Faktor-Faktor yang Menyebabkan Terjadinya Toxic Positivity
Berikut faktor-faktor yang menyebabkan toxic positivity terjadi. Pertama, toxic positivity dapat terjadi karena tidak sesuainya motivasi yang diberikan oleh seseorang yang awalnya ingin memberikan dukungan, tetapi berakhir tidak sesuai dengan apa yang diharapkan. Kedua, respons yang menganggap reaksi atau kondisi kita berlebihan sehingga kekecewaan dan kemarahan kita meluap. Ketiga, perasaan tidak dipahami karena masalah atau kondisi yang dihadapi dianggap remeh oleh pendengar. Terakhir, mendapatkan kekerasan verbal yang dilakukan oleh keluarga atau teman terdekat, misalnya meminta kita untuk selalu bersyukur apa pun keadaannya dan membandingkan kondisi orang lain yang tidak berkaitan dengan kondisi yang dialami sekarang.
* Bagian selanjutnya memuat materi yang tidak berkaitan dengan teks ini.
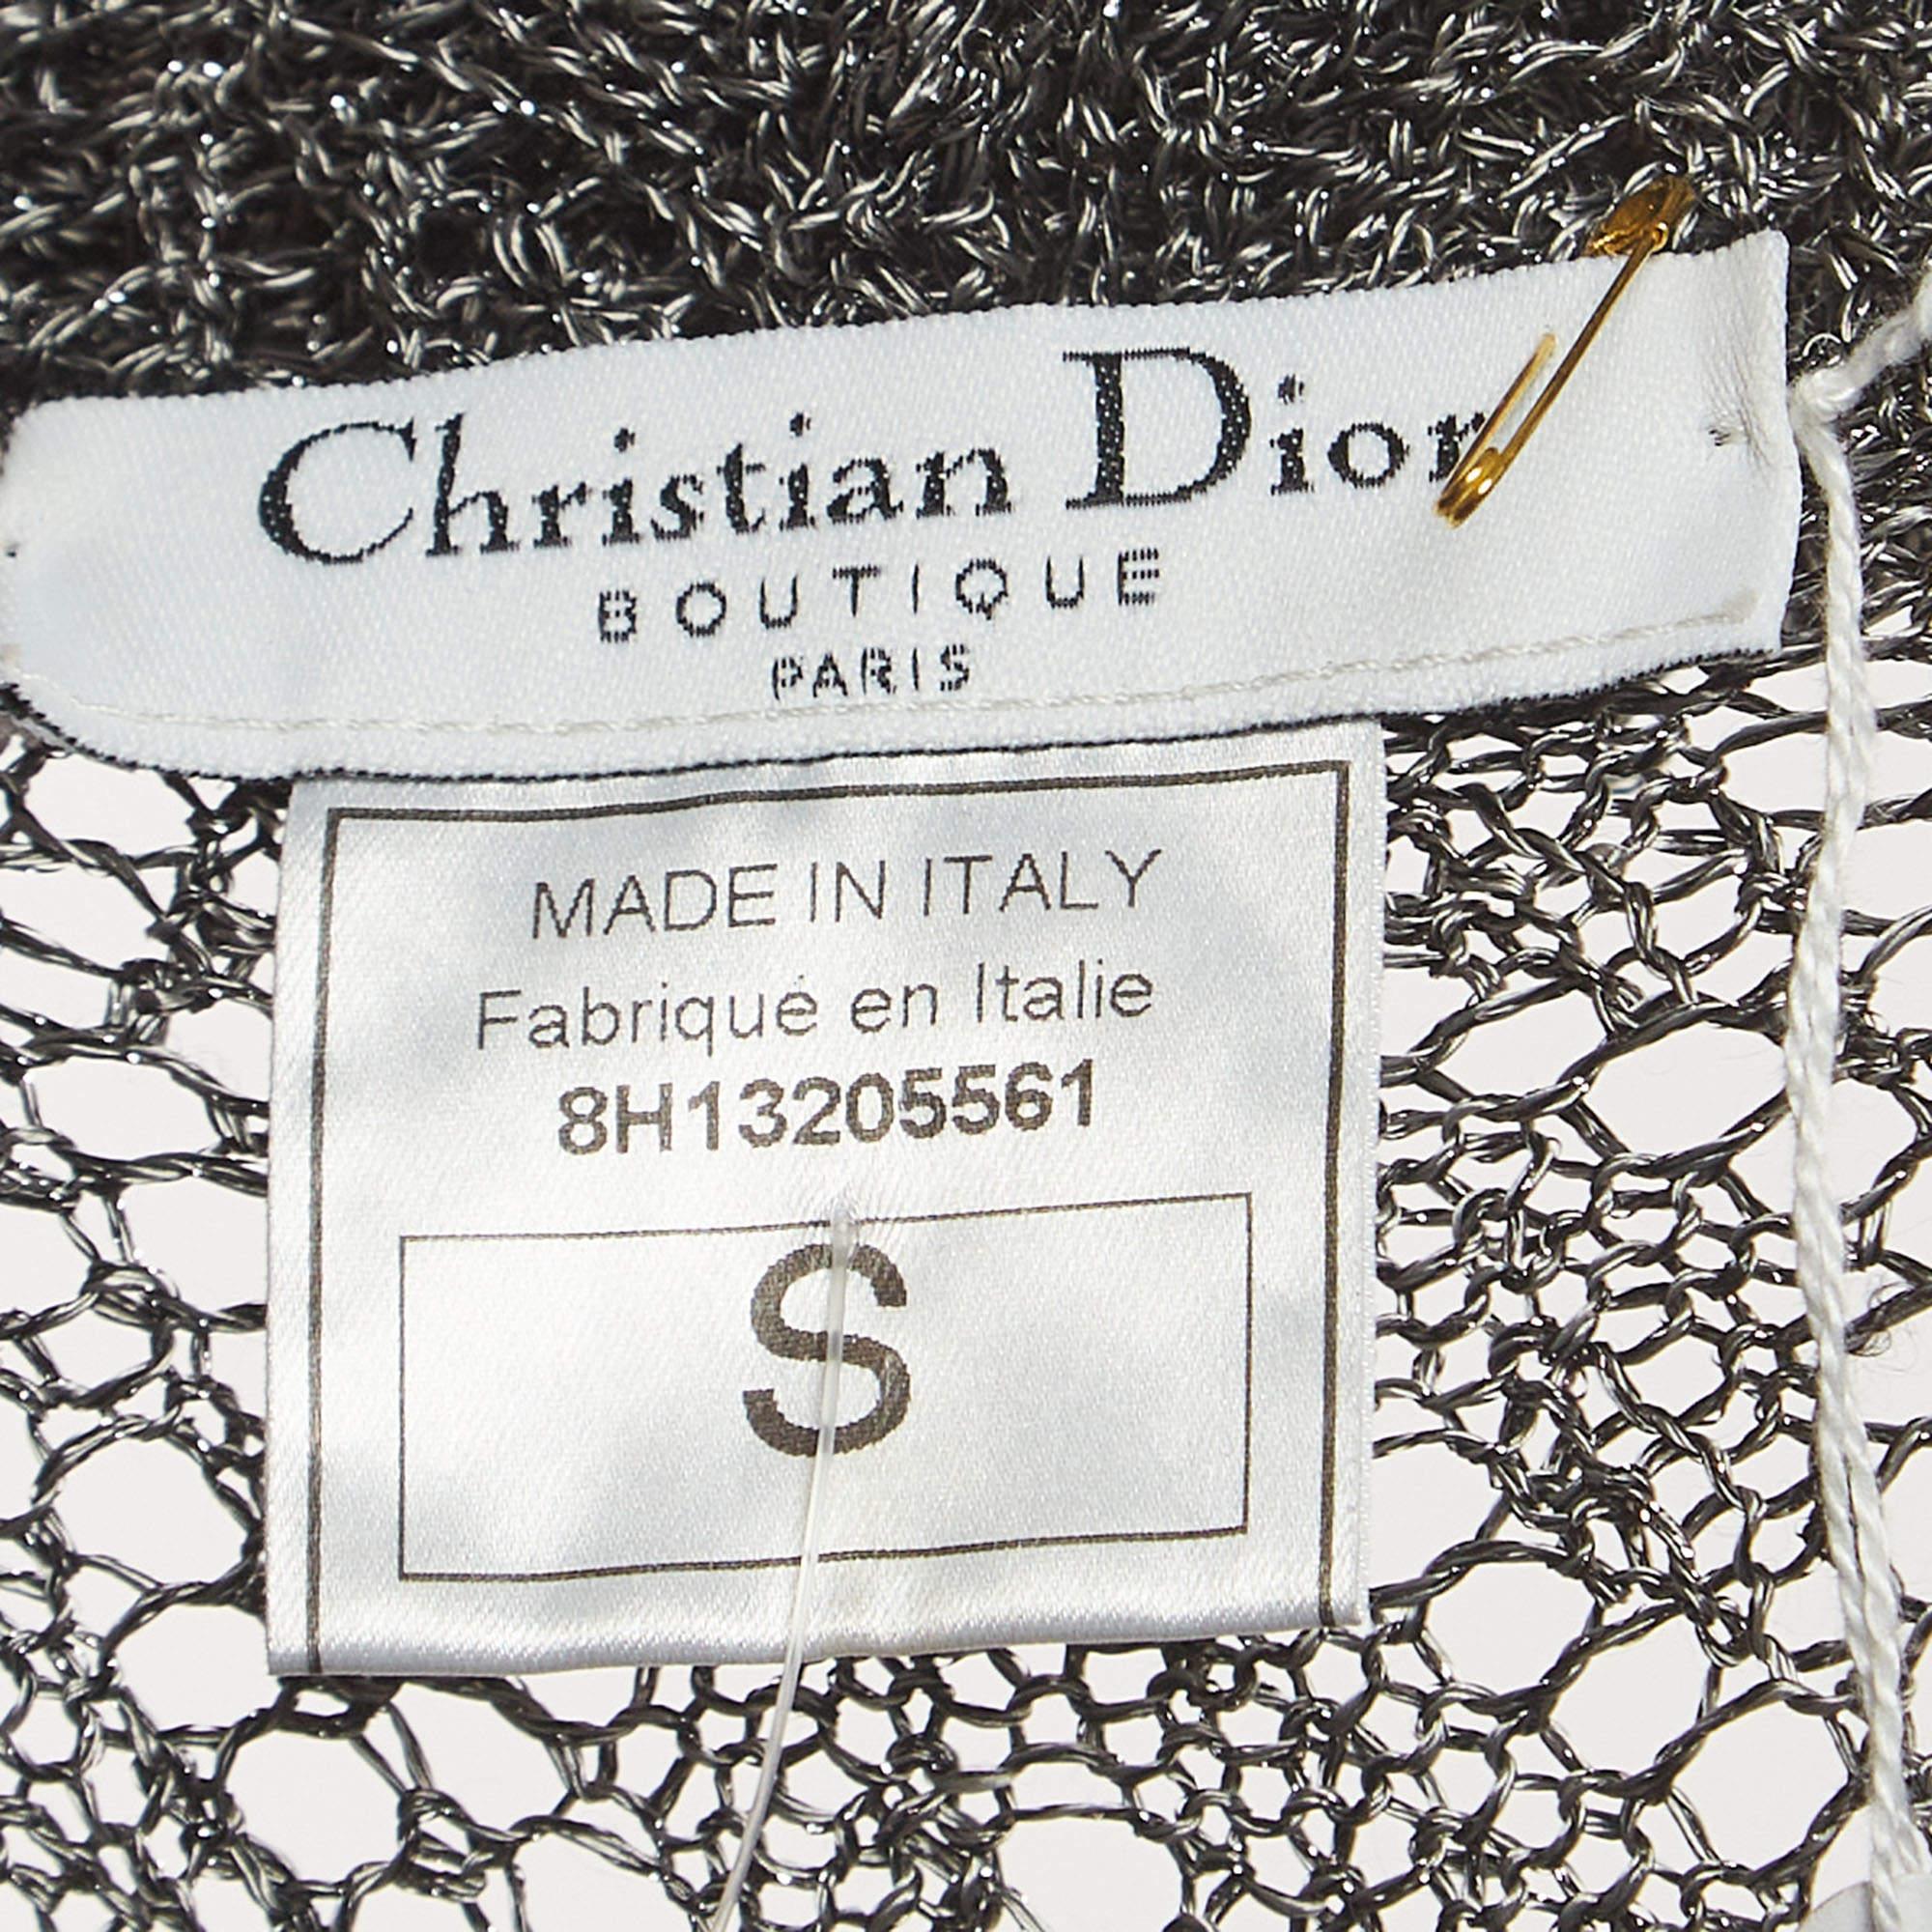 Christian Dior Boutique Grey Crochet Knit Snug Hood Neck Mini Dress S In Good Condition For Sale In Dubai, Al Qouz 2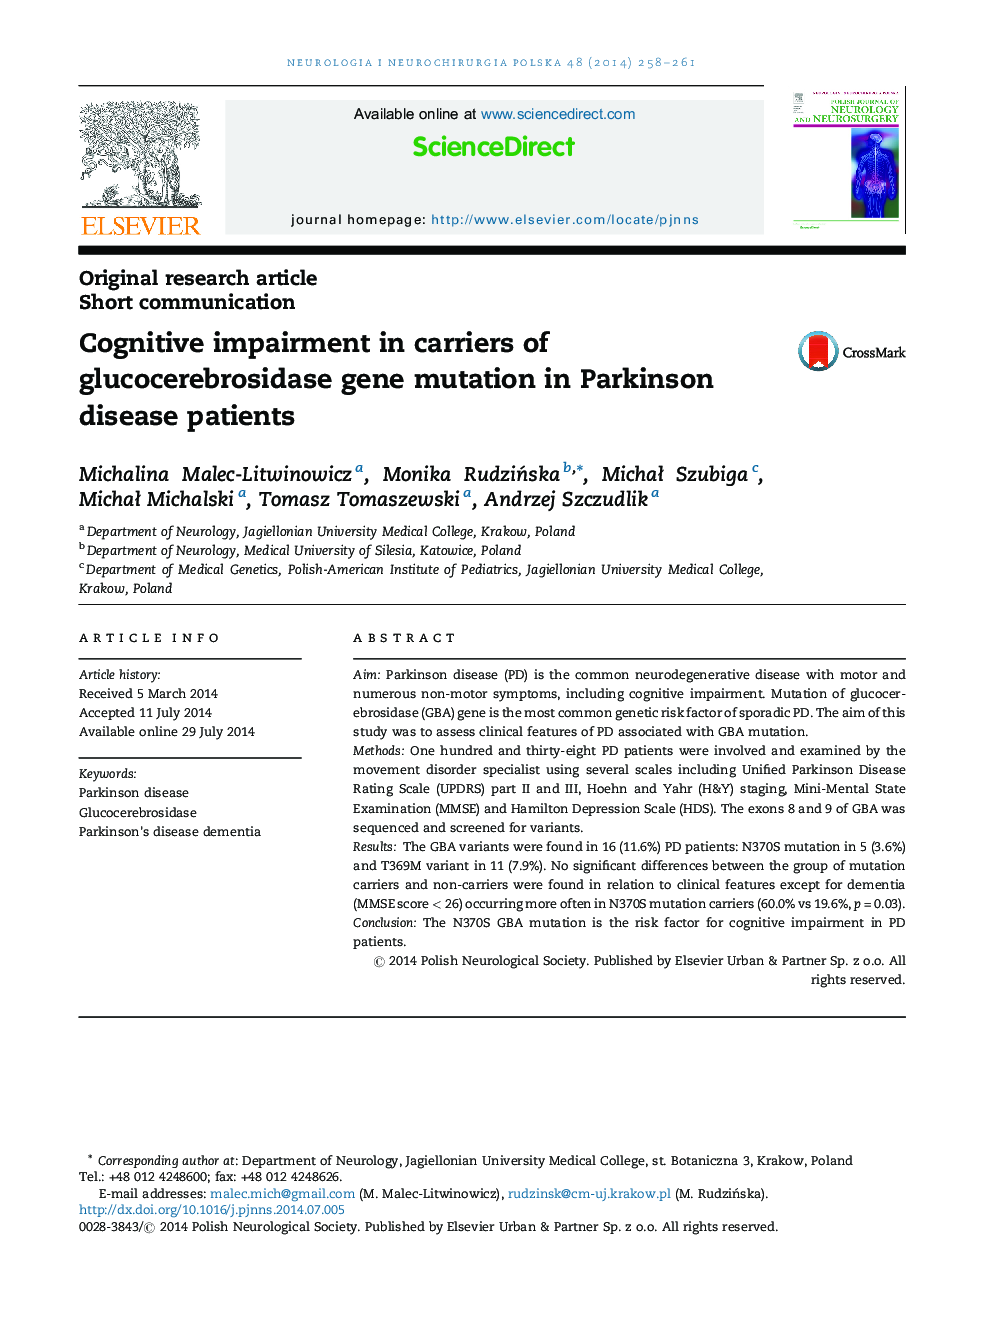 Cognitive impairment in carriers of glucocerebrosidase gene mutation in Parkinson disease patients

Perasaan menyangkal emosi negatif yang ada dalam diri membuat seseorang berpikir untuk tidak memperhatikan emosi negatif tersebut sehingga tubuh dan pikiran diprogram hanya untuk merasa bahagia, bukan kecewa.
Respons yang Terdapat Unsur Toxic Positivity
Toxic positivity juga terjadi terhadap respons seseorang dalam menanggapi suatu hal. Hal ini biasanya terjadi ketika seseorang menanggapi sesuatu dengan niat ingin meredam kecemasan. Ada banyak cara untuk bisa meredam rasa cemas karena masalah, tetapi bukan dengan kalimat yang membawa seseorang untuk melupakan masalahnya. Contohnya, “coba, deh, lebih bersyukur”, “gapapa, kok, kamu udah hebat”, dan “coba perkuat lagi iman kamu”. Kata-kata seperti itu bisa saja menambah kecemasan orang lain karena secara tidak langsung bisa membuat seseorang lupa akan masalahnya dan berujung melupakan masalahnya. Kata-kata tersebut juga tidak akan menyelesaikan masalah.
Toxic positivity dapat terjadi karena pemikiran positif yang berlebihan dalam memberikan respons dengan niat ingin memotivasi. Namun, nyatanya membawa dampak negatif bagi yang menerimanya karena respons yang diharapkan tidak sesuai dengan ekspektasinya. Toxic positivity juga dapat terjadi karena adanya penekanan emosi negatif saat seseorang menghadapi suatu masalah. Perilaku ini berbahaya bagi kesehatan mental dan dapat menimbulkan dampak buruk yang berkepanjangan.